Start demo and say "Hey Assistant"
Your audio never leaves this page. The model highlights "Hey Assistant" while ignoring all other speech — including similar-sounding words and phrases like "Hey sister" or "Assist me".
"Hey Assistant"
Measure the real-time factor on this device
RTF (real-time factor) is processing time divided by audio duration — an RTF of 0.01 means one second of audio takes 10 ms to process, so keeping up with live speech uses about 1% of one CPU core. This benchmark generates 60 seconds of audio right in your browser, pushes it through the wake-word engine as fast as your CPU allows, and reports the measured RTF.
For reference, VoxRT's published browser numbers on this same model: 0.16% on a MacBook Pro M4 (Chrome), 0.23% on an iPhone 13 Pro Max (Safari), 1.17% on a Snapdragon 662 (Chrome Android). Native NEON builds run faster still.
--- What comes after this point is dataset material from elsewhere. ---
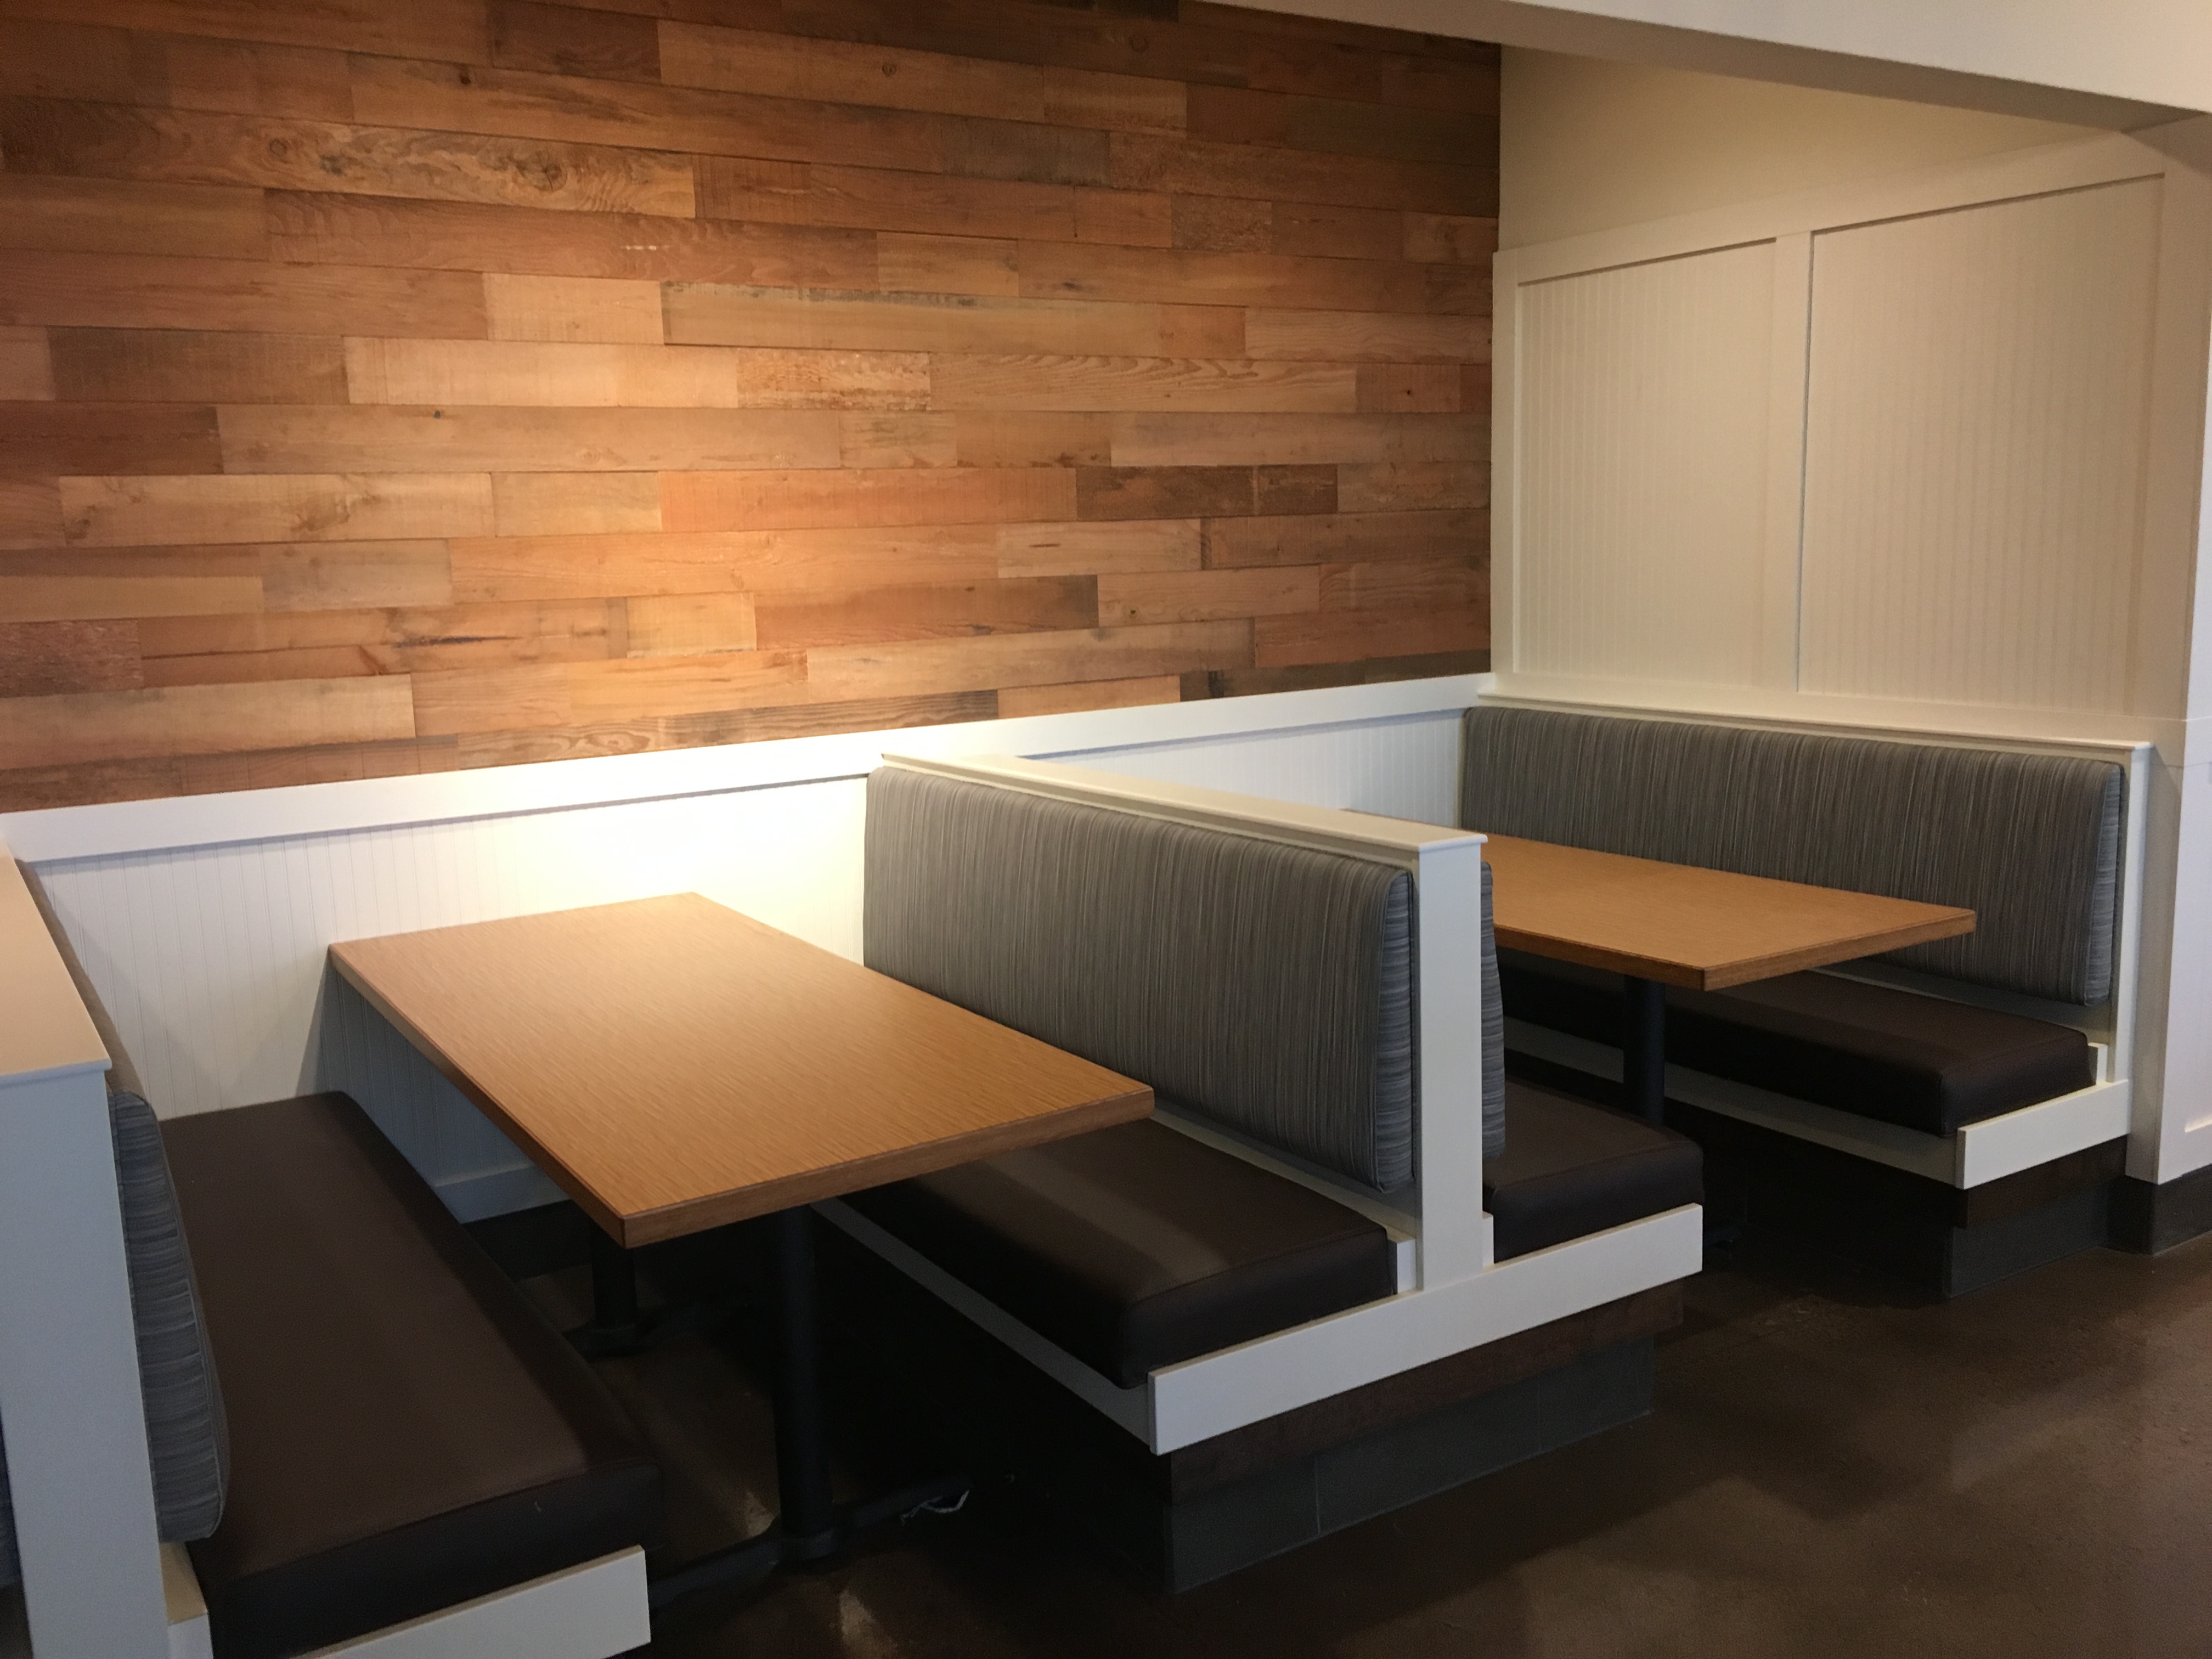 New Reupholstery Restaurant Booths

How it works: the ~170 KB WebAssembly runtime and ~100 KB model load from a CDN, then all inference runs on your CPU in this tab. Detection accuracy matches the native SDKs (ROC AUC 0.9966; precision 0.993 / recall 0.982 at the 0.90 threshold). Requirements: a browser with WebAssembly SIMD128 — Chrome/Edge 91+, Firefox 89+, Safari 16.4+ — and microphone permission. Lower the threshold for easier triggering (more false positives); raise it for stricter matching.